Task brief
A faithful transcript of all the lines below, with no pictures, is the goal here.

Material provided

^^^^^^^^

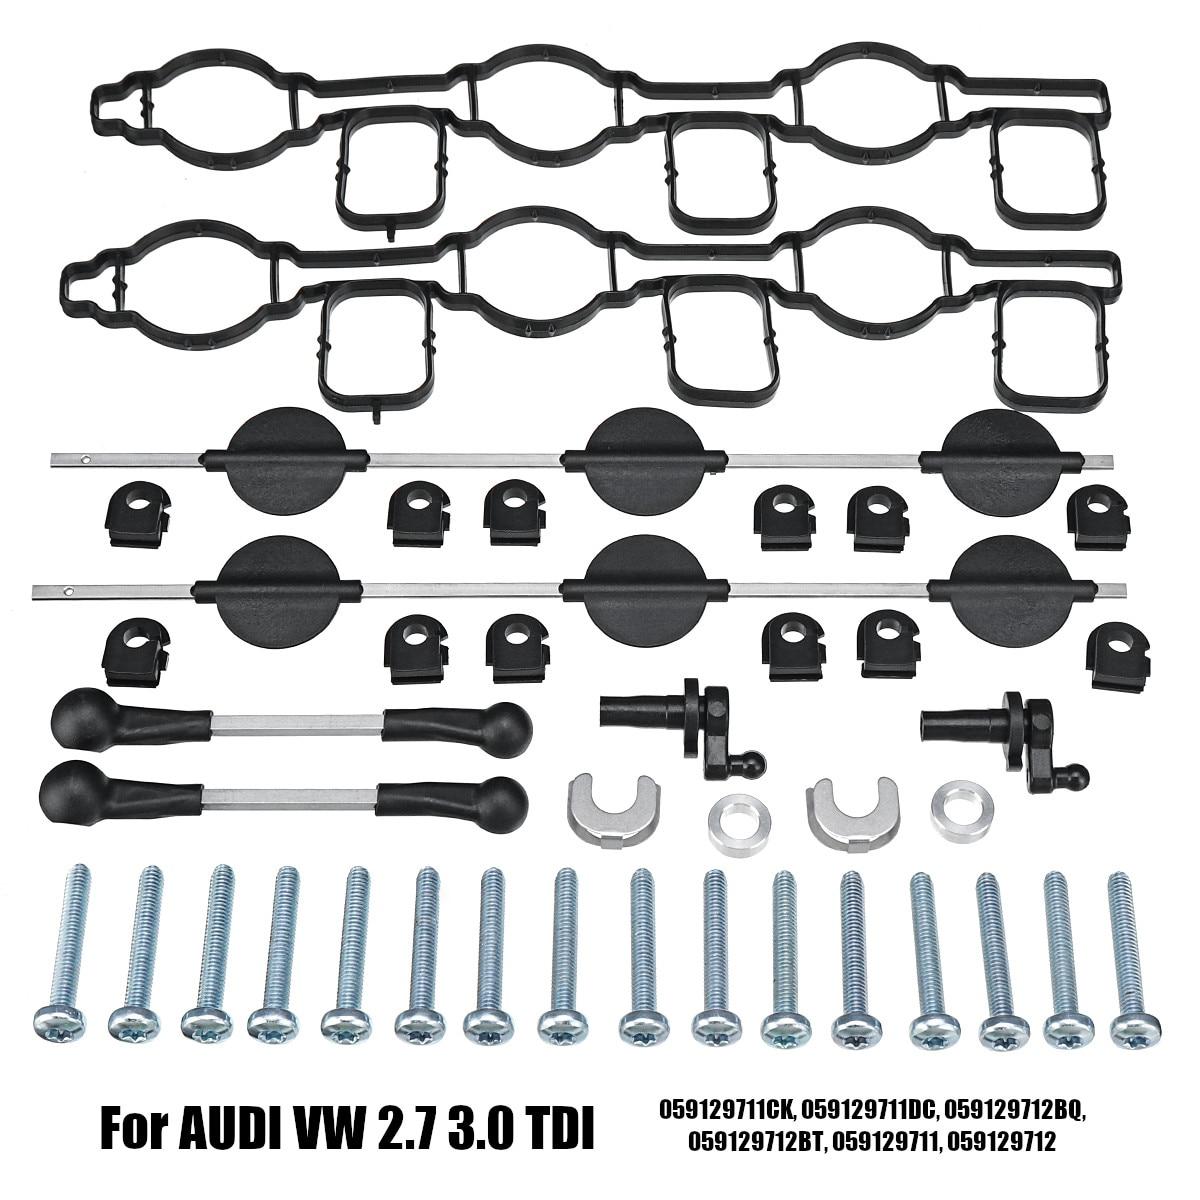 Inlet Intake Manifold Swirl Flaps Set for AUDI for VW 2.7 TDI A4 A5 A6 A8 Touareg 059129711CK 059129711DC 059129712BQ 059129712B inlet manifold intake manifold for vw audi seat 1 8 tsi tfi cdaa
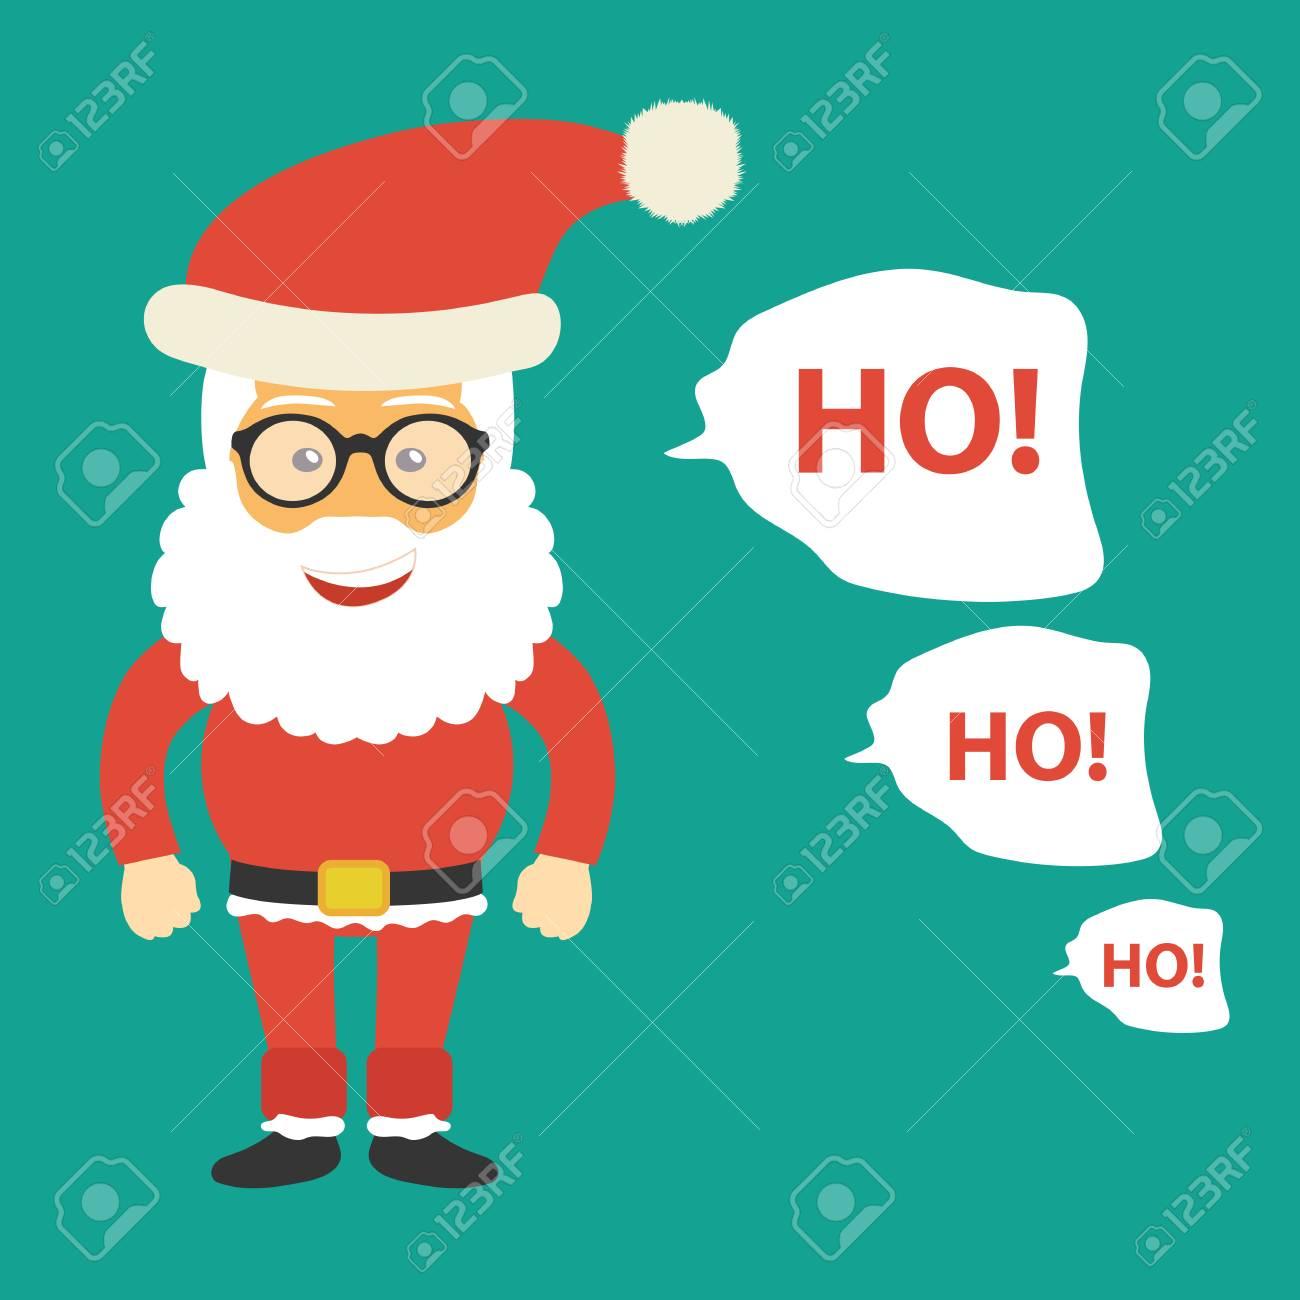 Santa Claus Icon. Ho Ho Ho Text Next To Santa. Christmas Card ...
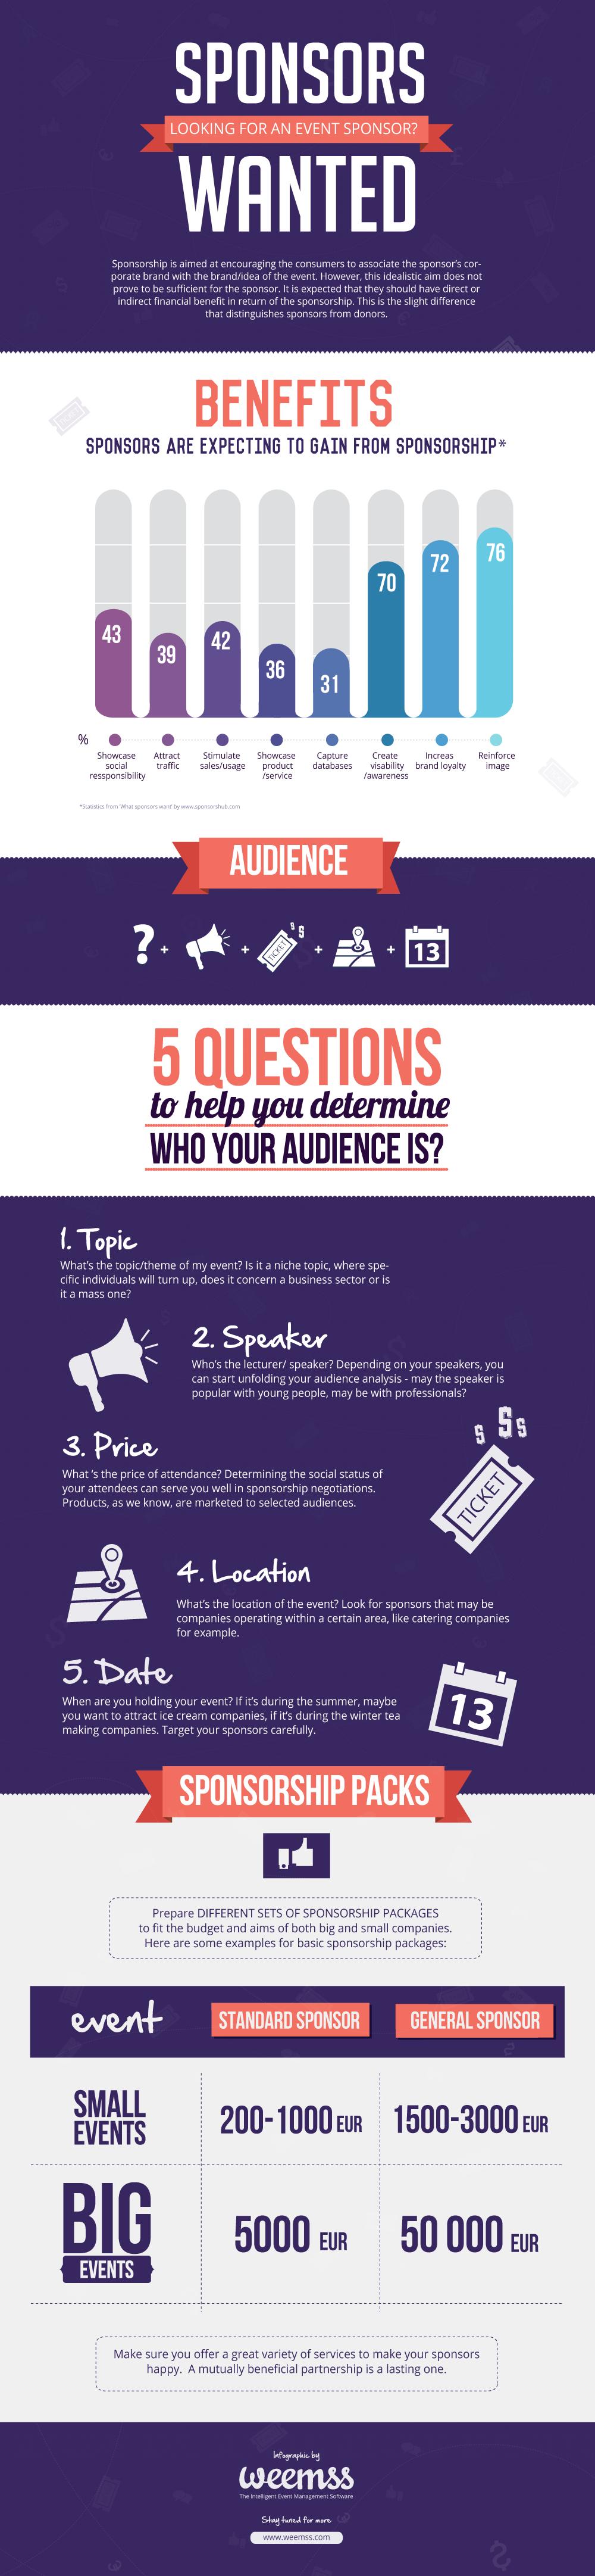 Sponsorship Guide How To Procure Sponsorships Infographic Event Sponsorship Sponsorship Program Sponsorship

^^^^^^^^

Output of the exercise
 Inlet Intake Manifold Swirl Flaps Set for AUDI for VW 2.7 TDI A4 A5 A6 A8 Touareg 059129711CK 059129711DC 059129712BQ 059129712B inlet manifold intake manifold for vw audi seat 1 8 tsi tfi cdaa
 Santa Claus Icon. Ho Ho Ho Text Next To Santa. Christmas Card ...
 Sponsorship Guide How To Procure Sponsorships Infographic Event Sponsorship Sponsorship Program Sponsorship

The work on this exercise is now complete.